Lead director: When a board allows the combination of CEO and chairman, they should at least appoint a lead independent director. Only 12 of the 26 companies had a lead director. Five companies took that step. Other companies designated a lead director even with the roles were split.
Ratio of insiders and outsiders: We believe that a board should have a super-majority of independent board members. Only seven companies had the super-majority of independent directors, which can lead to activist shareholders calling fowl with the potential for conflicts-of-interest.
Diversity: Companies received points by having a formal policy around gender and racial diversity. We believe that board diversity is socially responsible as well as good for business. Very few companies in gaming had a formal policy and both a woman and minority on their board.
The SEC requires public companies to have the following four committees: audit, compensation, governance and nominating. With respect to committee structure, eight companies achieved a perfect score. To receive a perfect score, the board would have had all four committees, have an official charter, be made up of all independent directors and have met at least four times a year. We also did not want to see the existence of an executive committee, whereby the CEO could effectively highjack the board.
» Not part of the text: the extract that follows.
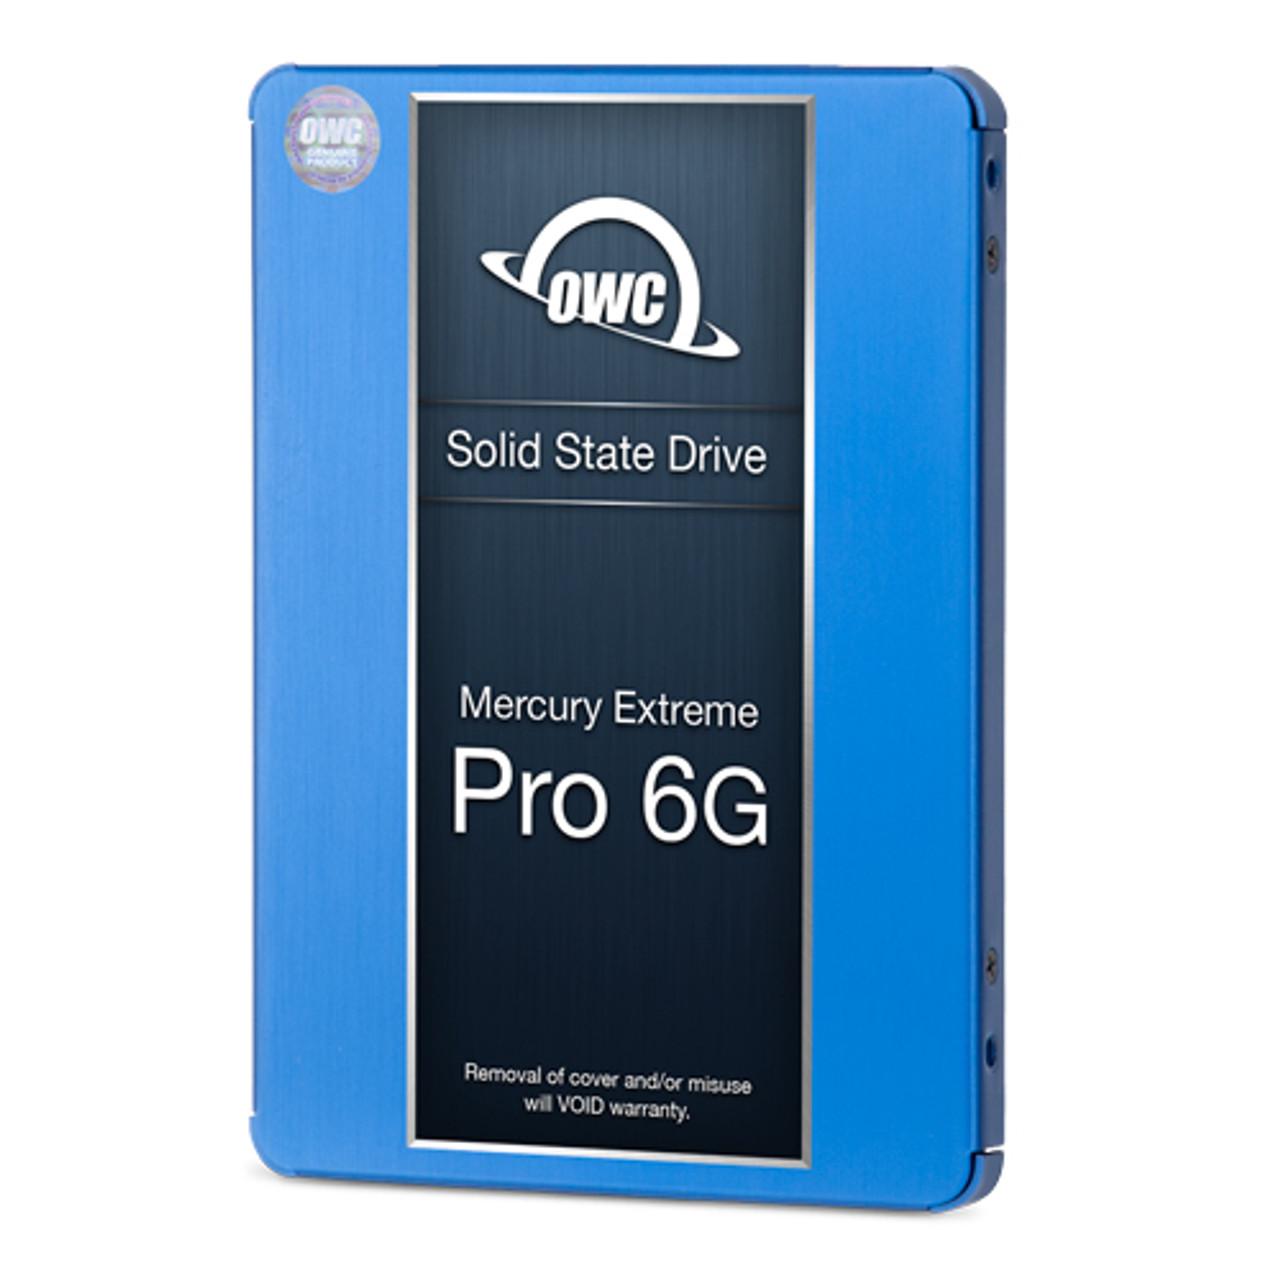 240GB OWC Mercury Extreme 6G SSD - SSD Bay Add-In Kit for 2011 27-inch iMacs

TRANSACTIONS WITH RELATED PARTIES
This is one of the key areas where activist focus. The solution is easy, but appears to be difficult to enforce. Just look at the issues President Elect Trump is having about his business interests. We have found that most often nothing illegal is going on but it looks terrible to the public eye. And sometimes that’s all it takes for an activist investor to start a proxy battle.
EVALUATION AND COMMUNICATION
Issues concerning the effectiveness of internal board operations, director evaluation and accessibility to shareholders were measured in this section. Only MGM Resorts received a perfect score in this area. We also see constant movement in what shareholders want related to communications. Suffice to say, better shareholder communications is a must and a way to keep activism at bay.
The final area of our survey focused on the real “hot button” for most shareholders; how the CEO and senior executives get paid. In many ways, this is what has activist shareholders and government official most upset. In our view, the key is having a well-articulated pay model that aligns management with shareholders. We encourage executives and compensation committees to weight more heavily towards “pay at risk.” Pay based on a balance of short- and long-term performance metrics is the recipe for success.
In the end, the size of the paycheck should not matter as much as whether it was earned or not. We at AETHOS think many of the rules being promulgated by Sen. Warren and others is misguided. Making CEO some arbitrary percentage of the “average employee” paycheck is not the entrepreneurial or American way. Risk and reward need to coexist and reward people that innovate and create real wealth.